Data section
════════════════
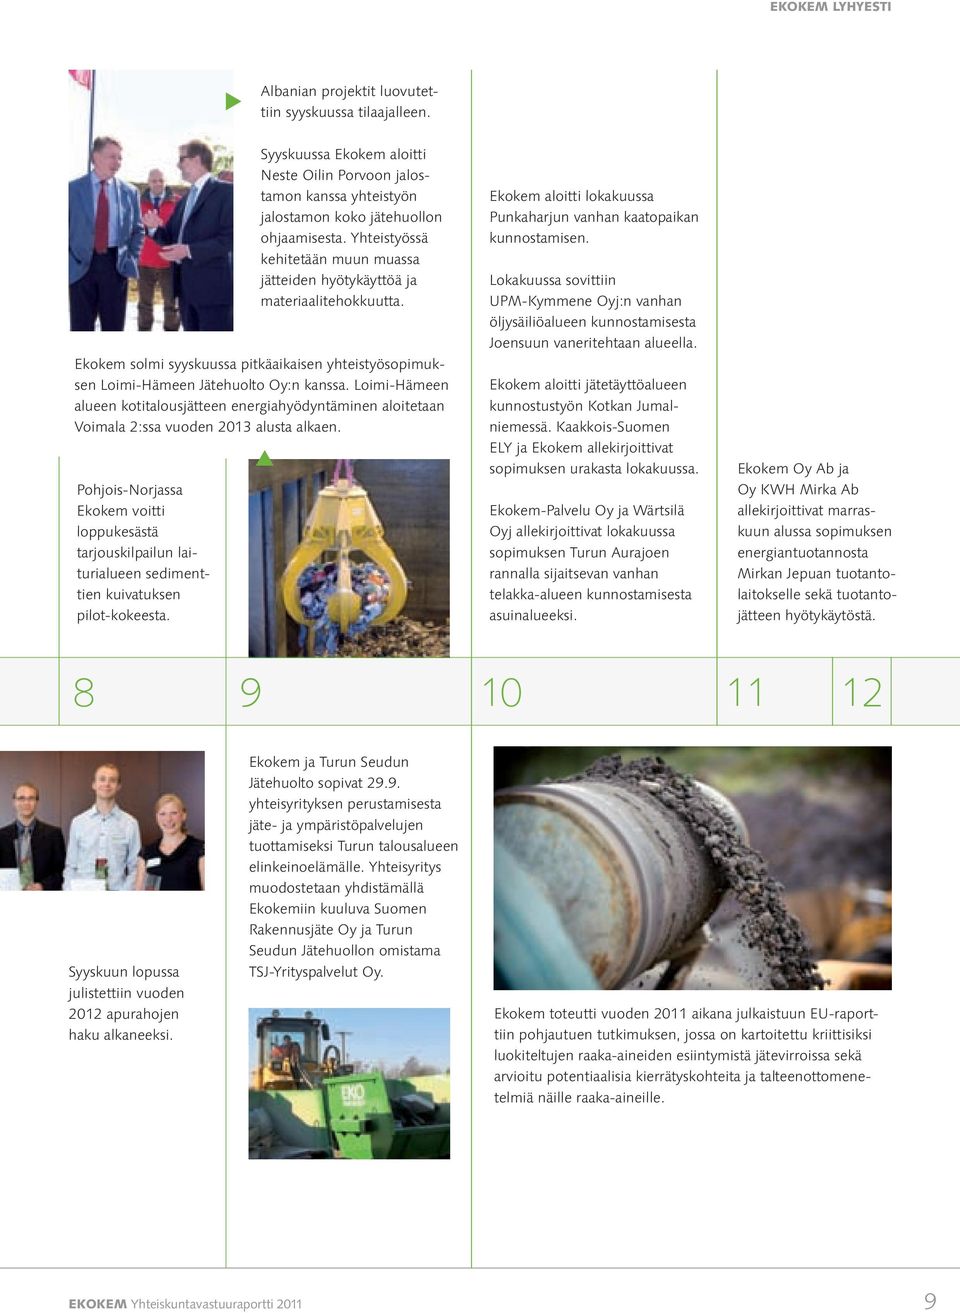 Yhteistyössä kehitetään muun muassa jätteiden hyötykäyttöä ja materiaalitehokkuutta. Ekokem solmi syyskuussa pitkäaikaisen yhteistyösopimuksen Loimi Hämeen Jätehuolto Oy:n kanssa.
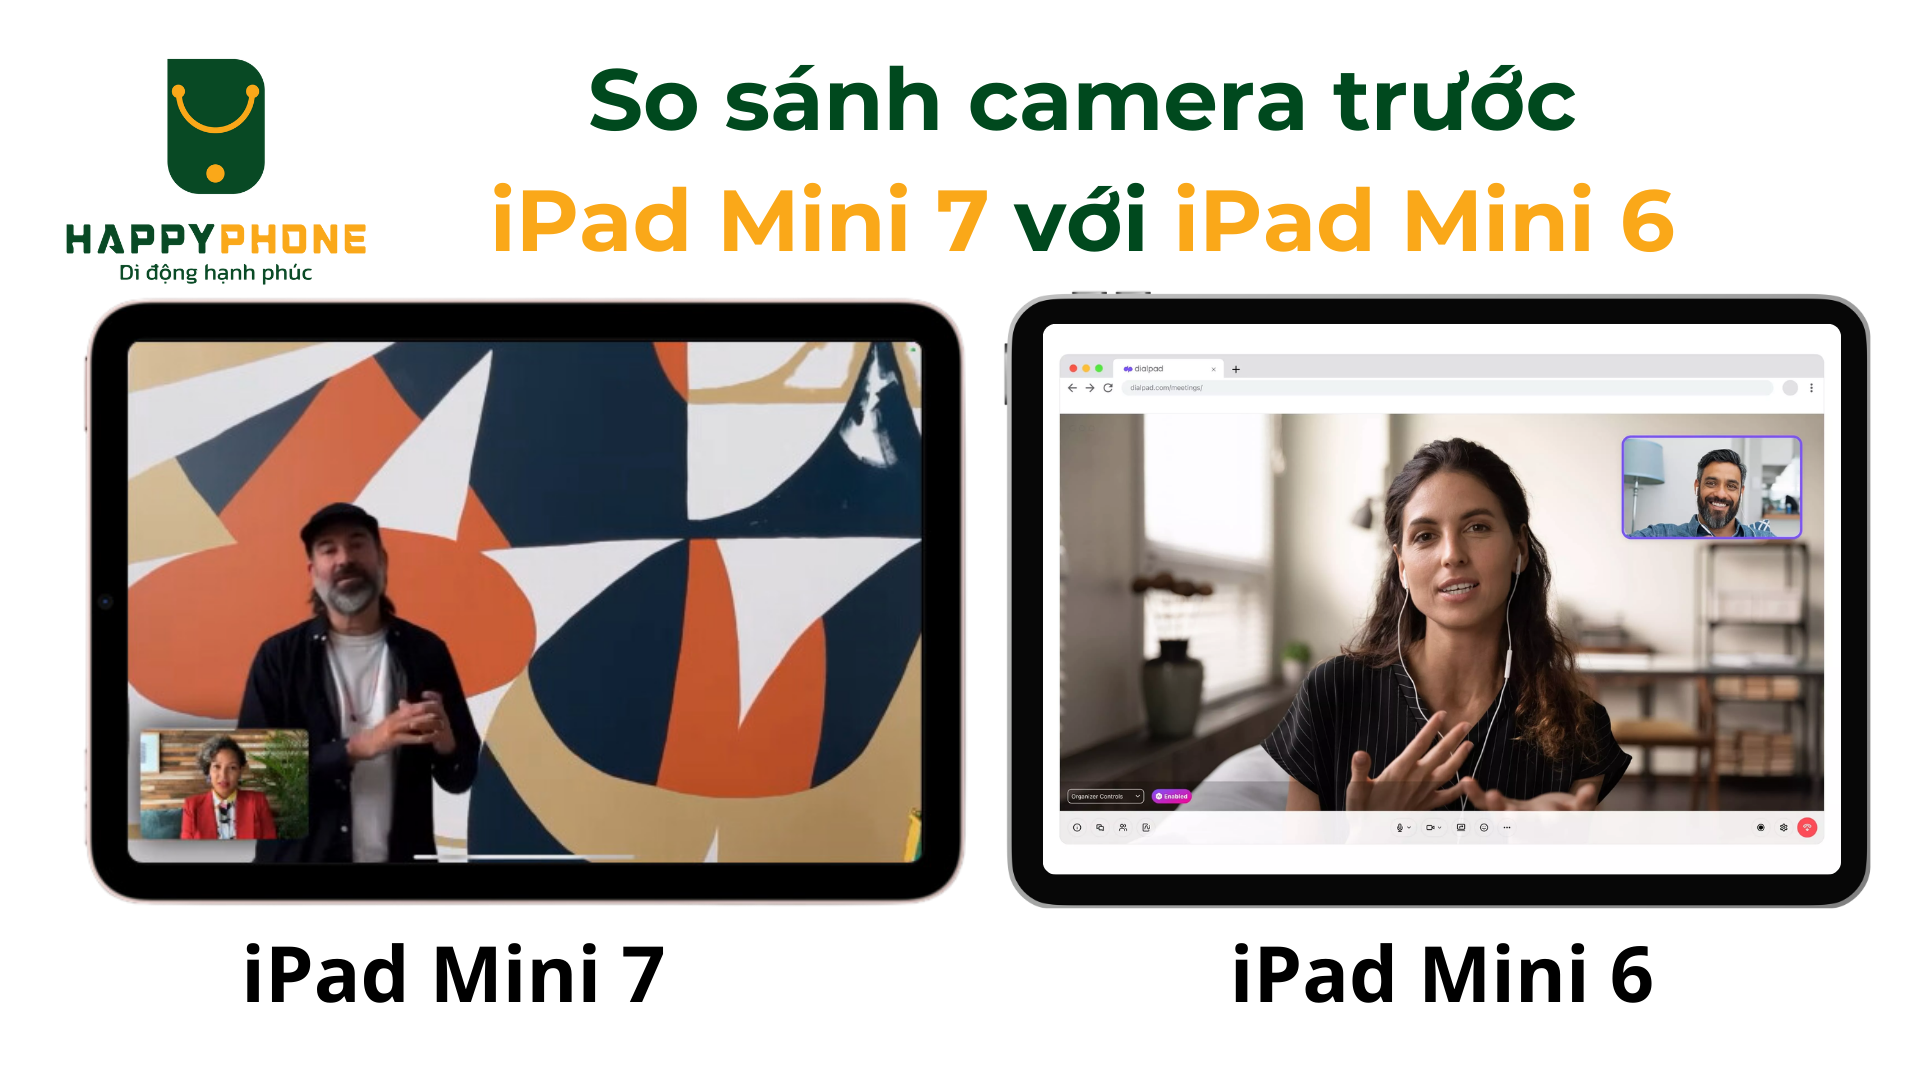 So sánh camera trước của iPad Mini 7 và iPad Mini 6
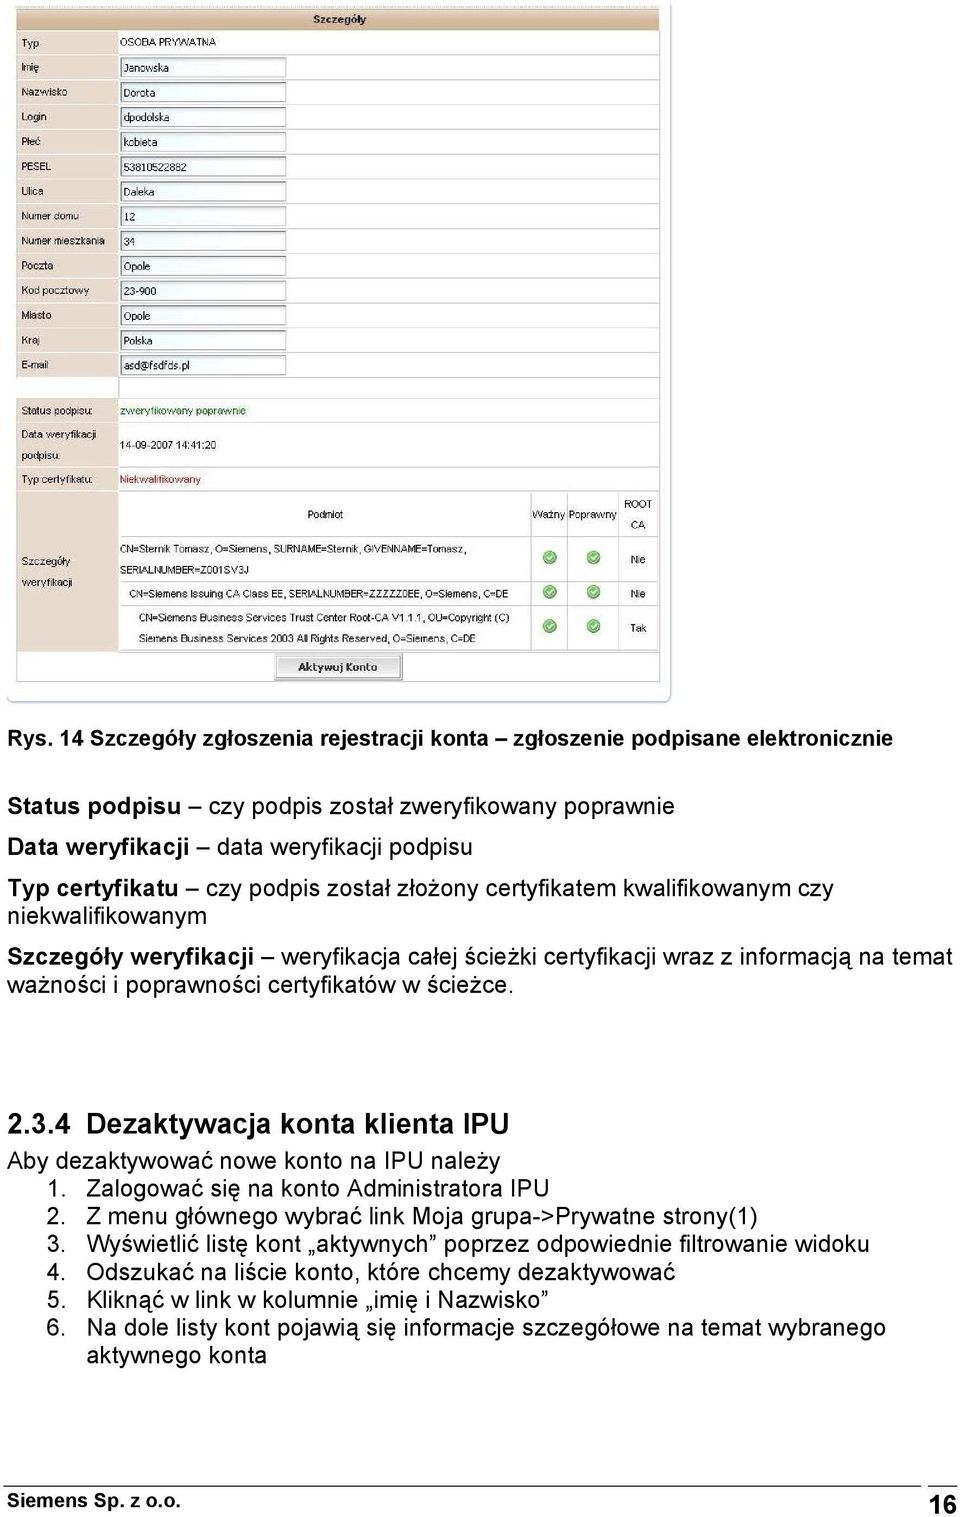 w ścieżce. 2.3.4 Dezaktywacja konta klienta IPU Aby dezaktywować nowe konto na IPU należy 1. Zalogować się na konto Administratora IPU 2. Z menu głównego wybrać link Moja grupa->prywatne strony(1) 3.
════════════════
What to produce
Transcribe every line of the listing above exactly; skip the pictures.

Solution to the problem
 Yhteistyössä kehitetään muun muassa jätteiden hyötykäyttöä ja materiaalitehokkuutta. Ekokem solmi syyskuussa pitkäaikaisen yhteistyösopimuksen Loimi Hämeen Jätehuolto Oy:n kanssa.
 So sánh camera trước của iPad Mini 7 và iPad Mini 6
 w ścieżce. 2.3.4 Dezaktywacja konta klienta IPU Aby dezaktywować nowe konto na IPU należy 1. Zalogować się na konto Administratora IPU 2. Z menu głównego wybrać link Moja grupa->prywatne strony(1) 3.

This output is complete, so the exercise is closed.